За какую-нибудь неделю восстание как-то стихийно охватило всю Симбирскую губернию, часть Самарской и часть Казанской. Характерна и очень показательна черта самого вооружения крестьян: на длинных шестах насажены штыки, крючья (специально для кавалеристов), топоры, вилы, а зачастую просто русская дубинка. И если оказалось у них в некотором случае оружие, пулеметы, так это объясняется тем, что много было ими отнято у самих же красноармейцев; часть же была зарыта в землю, привезенное еще с фронта старыми солдатами. Попавшим к ним красноармейцам или просто советским работникам пощады не было, мало этого, их уродовали до неузнаваемости выколкой глаз, раздроблением черепов и т. п. В первую же голову страдали местные власти. Словом, это было что-то ужасное, кошмарное, когда человек начинает быть опаснее зверя. Губернские же и уездные власти вначале смотрели на это так, сквозь пальцы, посылая «своих» людей на места узнавать в чем дело, которые только разжигали восстание, не принося малейшей пользы. Когда же вопрос коснулся серьезной защиты самих себя, здесь их «политическое шкурничество» сказалось во всей полноте: одному коммунисту нельзя оставить ответственный пост, другому нельзя только потому, что у него жена больна, третьемнужно по срочным делам ехать в Москву, четвертый же чувствует себя уже совсем больным, неспособным к этим потасовкам, и т. д., и т. п. мелкие отговорки, и в результате уехала горсточка преданных коммунистов с теми же, в большинстве своей массы, беспартийными красноармейцами подавлять эту стихию упрямого крестьянства.
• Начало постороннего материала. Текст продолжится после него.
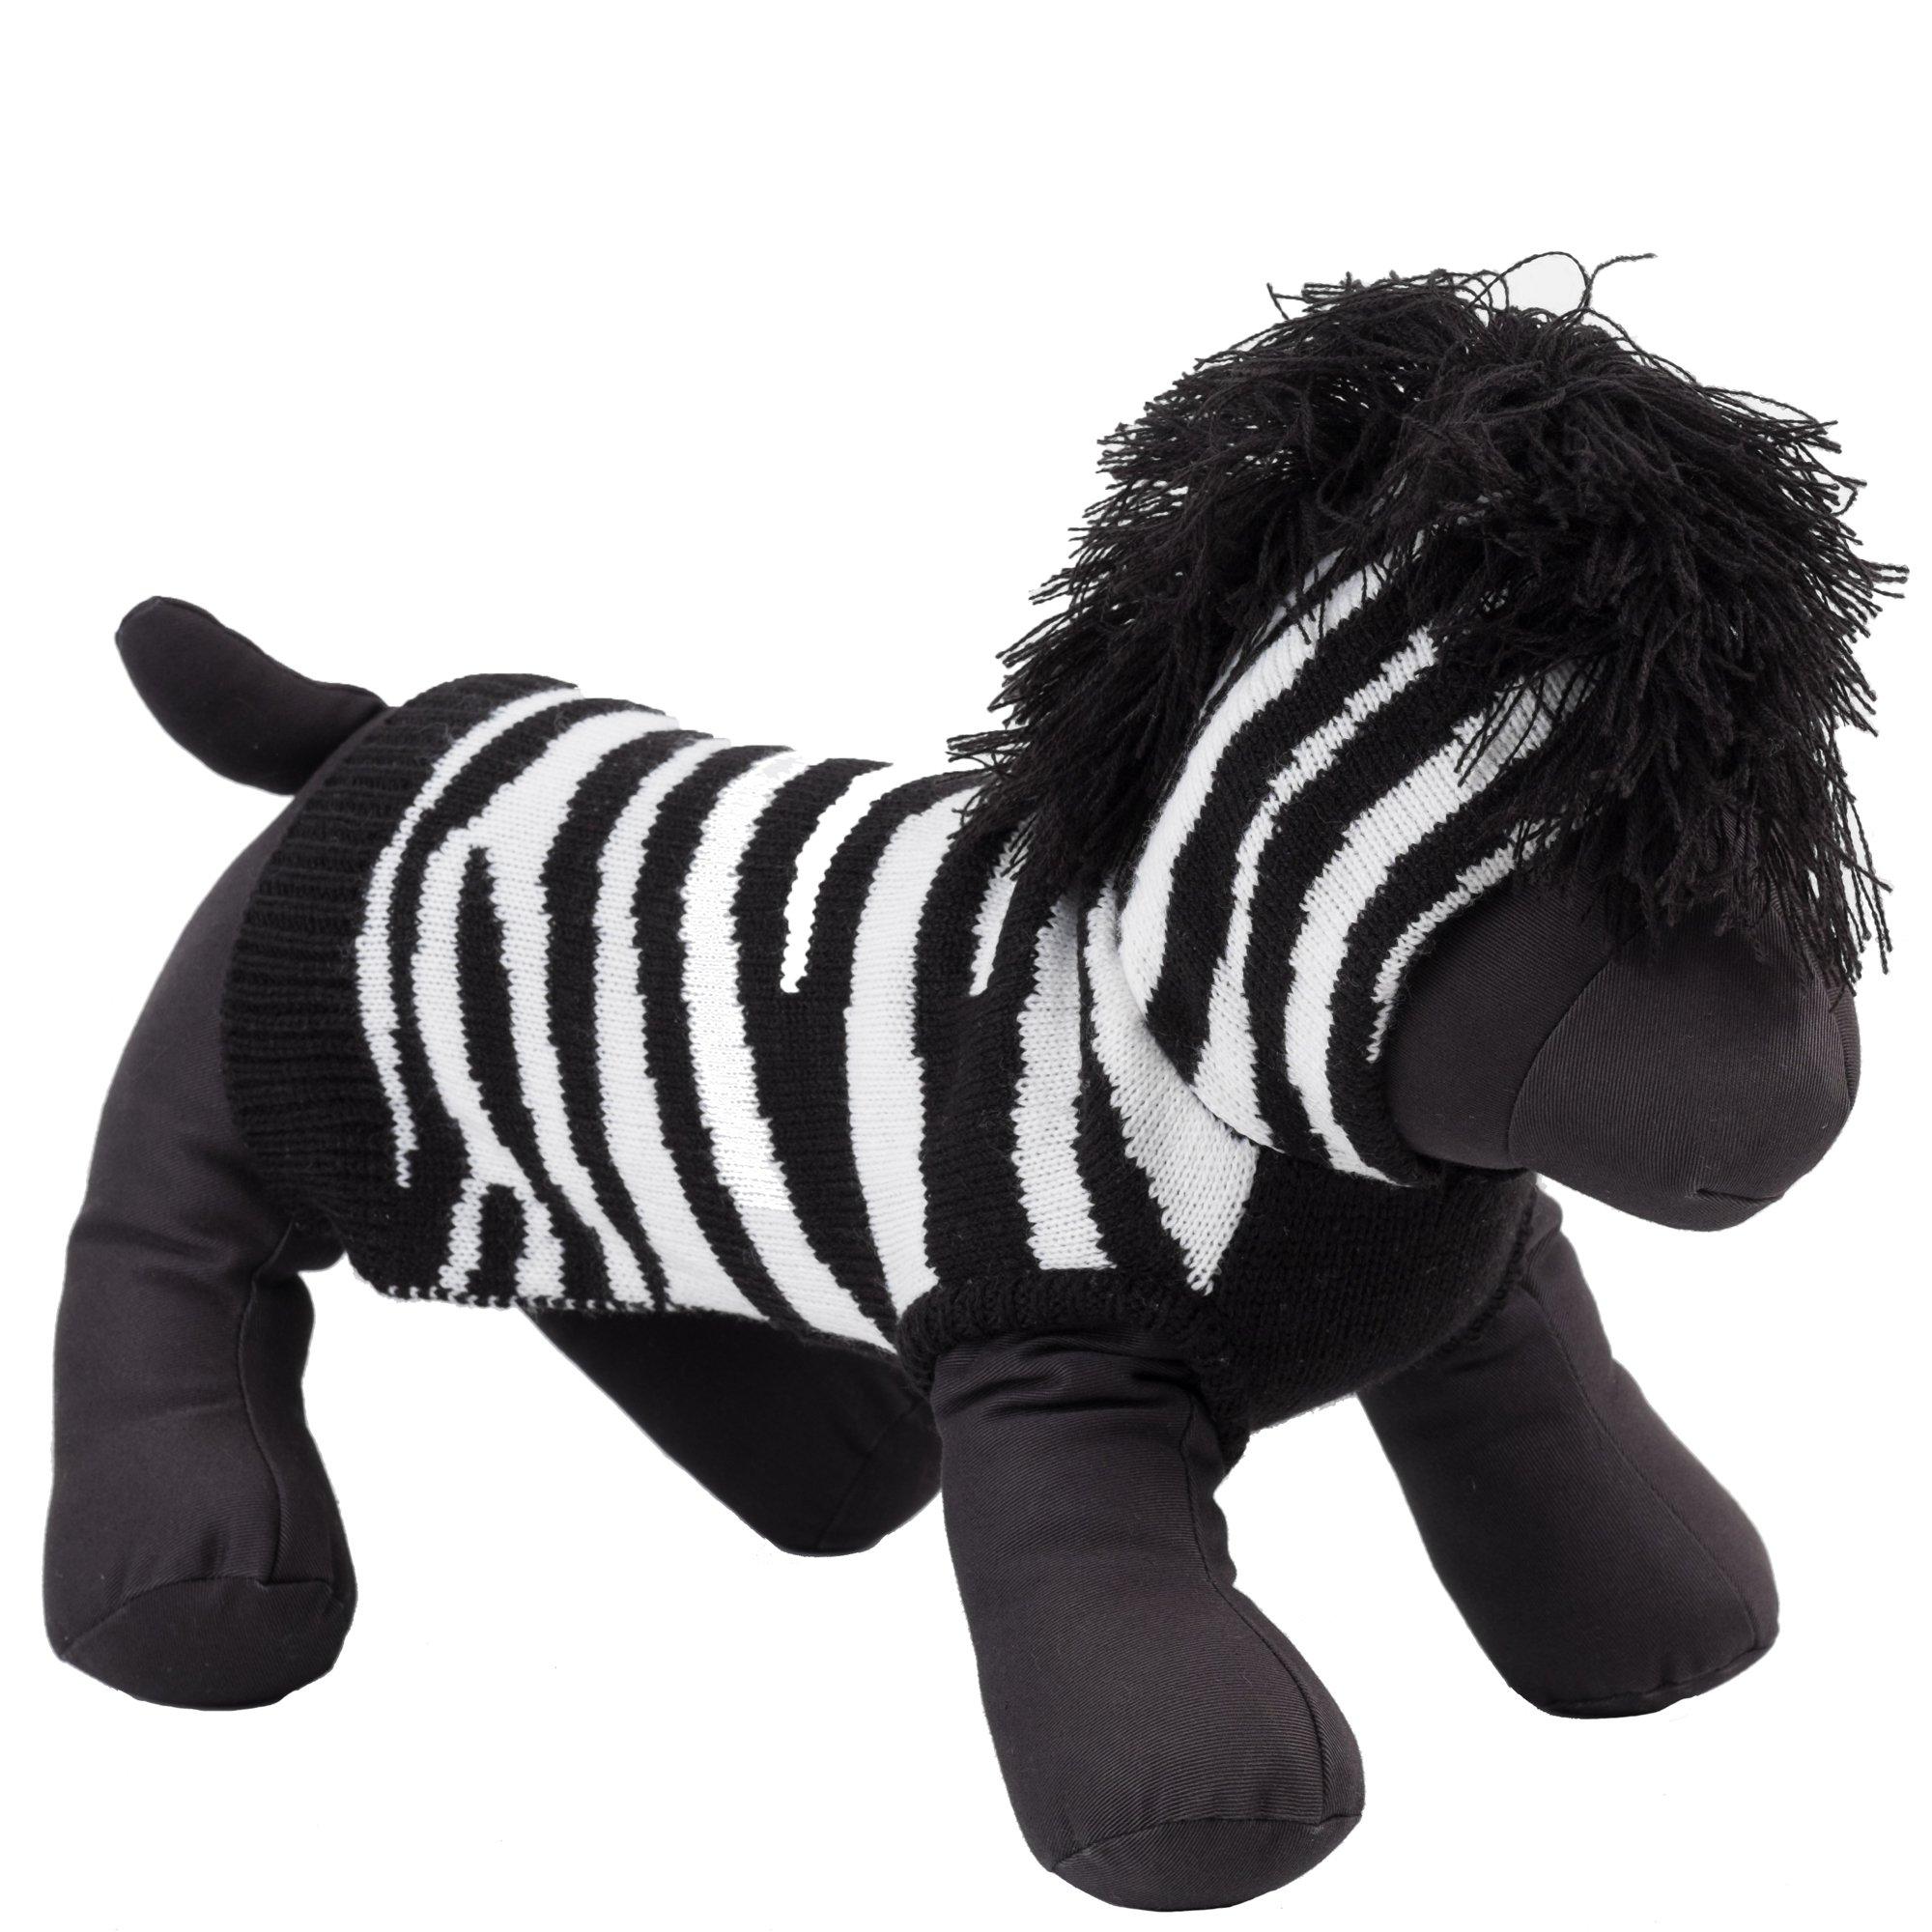 The Worthy Dog 6364 Zebra Hoodie, Black/White, M

Такова приблизительно картина восстания.
Причины восстания
Говоря о причинах разразившегося восстания, нельзя и преступно умалчивать, что советские работники на местах недостаточно умело проводят в жизнь декреты и постановления центральной власти, тем самым возбуждают недовольство [246] в массах. Необходима реорганизация многих и весьма многих советских учреждений восточных губерний. Упрекать же повстанцев и кулачество почти не приходиться, ибо крестьяне восставших селений в подавляющем большинстве по имущественному состоянию середняки. Кулаков же на каждое село в среднем, не более 5-10 человек. В подтверждение изложенного следует сказать, что сепаративных выступлений ни в одном из упомянутых сел не было, а восстание в каждом селе возникало только под давлением и угрозой соседей. Перечисляя все объективные причины восстаний, полагаем, что самая главная из них - это темнота и невежестве, унаследованные от дьявольского проклятого старого времени. Крестьяне в массе не могут дать себе должного отчета в том, что они творят в такой тяжелый момент, в момент нового светлого социального строительства, в момент вытеснения из мозгов старых и проклятых устоев. На массы не было достаточно пролито света, она осталась почти не тронута. Она не только духовно не была перерождена, ей даже автоматически никто не разъяснил самую соль и задачи Советской власти. Кого ни спрашиваешь, - и арестованных крестьян, были ли у вас агитаторы, - все, как в один голос, отвечают: «Нет» или «Был как-то раз, что-то разъяснил, но мы его не поняли, наверное, не понял и он нас». Естественно, откуда же могут знать крестьяне о декретах, распоряжениях, и во имя чего все это делается? Ни в одном из восставших сел не велось партийной работы, никто должным образом не позаботился о поднятии в крестьянских массах революционной правосознательности его прав. Беднота и среднее крестьянство только и слышат живое слово «в медвежьих уголках» от своих «миротворцев» - кулаков да попов, которые и по сие время благочестиво изрыгают в темных массах, якобы по воле Божьей все это так было устроено, и спекулируя этим на каких угодно деревенских чувствах.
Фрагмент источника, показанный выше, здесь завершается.